Sunday, June 8, 2008

Laughter And Cardiovascular Health

Laughter And Cardiovascular Health
Laughter And Cardiovascular Health
by Rick London

Laughter is the best medicine. We've all heard that. If not the best, certainly good for you. Scientific studies have shown that mental stress can restrict blood flow to the heart. But now a study has linked laughter to increased blood circulation. Laughter appears to cause the tissue inside blood vessels to expand. Medical science feels that laughter may be important to increase your hearth health

A clinical study was done last year at the University of Maryland of twenty men and women. Each were health people. To induce laughter they watched part of the movie "Kingpin," a 1 hour comedy. To create the opposite emotions, they also watched "Saving Private Ryan"; at least the brutal war-scene beginning.


The clinicians used ultrasound to measure changes in blood flow through an artery in the arms of participants. Blood flow increased in 19 of the 20 participants after watching "Kingpin.". That is a 22% increase. The study leader, a Dr. Miller feels that is similar to the effects of aerobics. Blood flow decreased in 14 of the twenty people after they watched "Saving Private Ryan," an decreased average of thirty five percent.

Studies have shown that reducing stress can reduce disease in the body. When the body is under stress, it produces hormones such as adrenalin and cortisol. Cortisol is related to anxiety and fearfulness and adrenalin gives us us the "fight or flight element". Too much of these hormones can be bad for the immune system. Dr Miller observed that the study could not explain how laughter is responsible for the effects observed but he assumes it is either from a release of chemicals or muscle movement.

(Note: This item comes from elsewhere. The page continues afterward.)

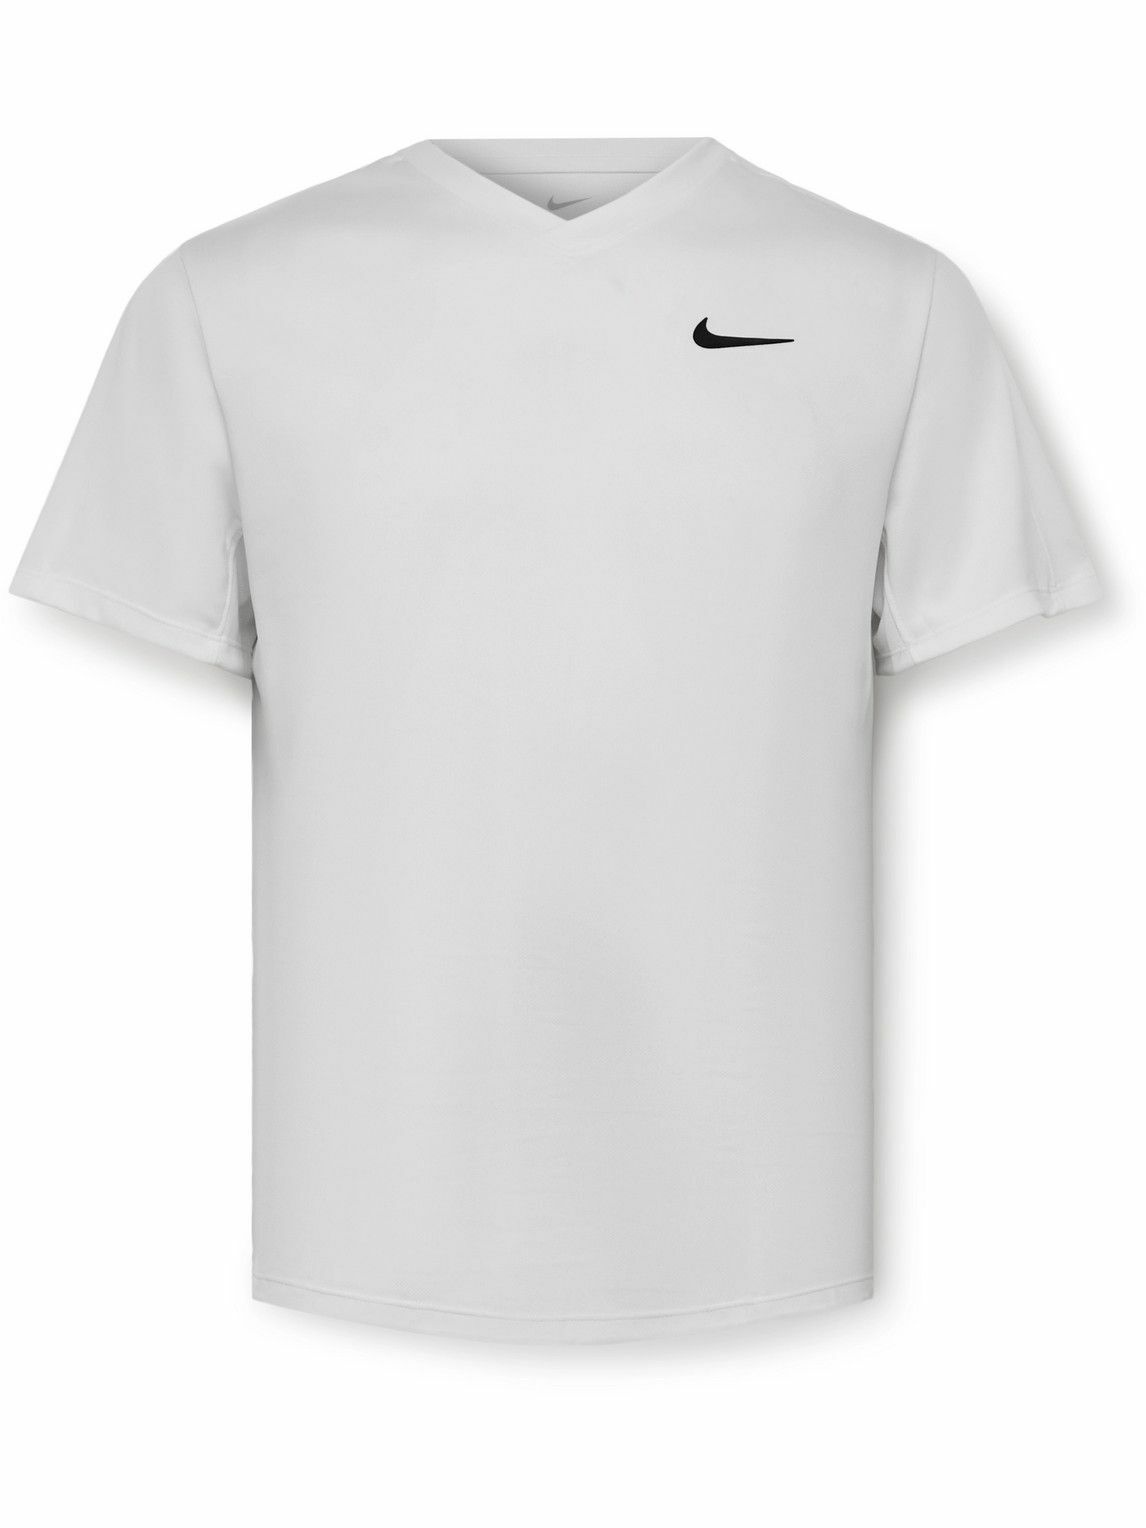 Nike Tennis - Victory Dri-FIT Mesh Tennis T-Shirt - White Nike Tennis
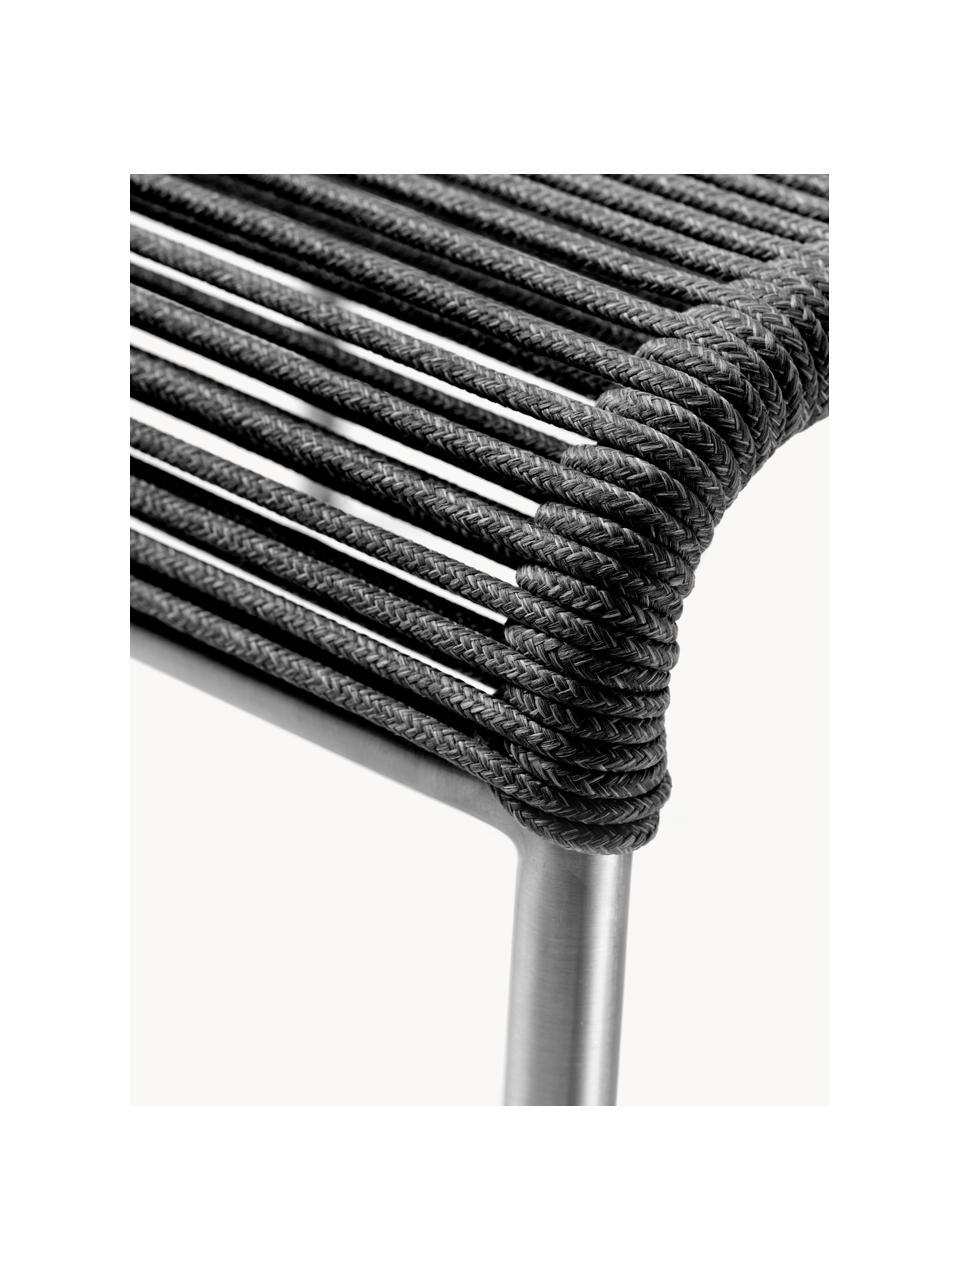 Fusshocker Teglgård, Sitzfläche: Schnur, Gestell: Metall, beschichtet, Schwarz, Silberfarben, B 50 x H 36 cm

Clinical studies have shown laughter may cause the body to release endorphins, like when exercise takes place. Miller states that these endorphins may block the effect of stress hormones and cause the blood vessels to expand. Laughing may also influence the release of nitric oxide, which too expands blood passages. The results were presented at a meeting of the American College of Cardiology. Dr. Miller does not suggest to replace exercise with laughter, but he says just a quarter hour of laughter could absolutely make one healthier, not to mention happier.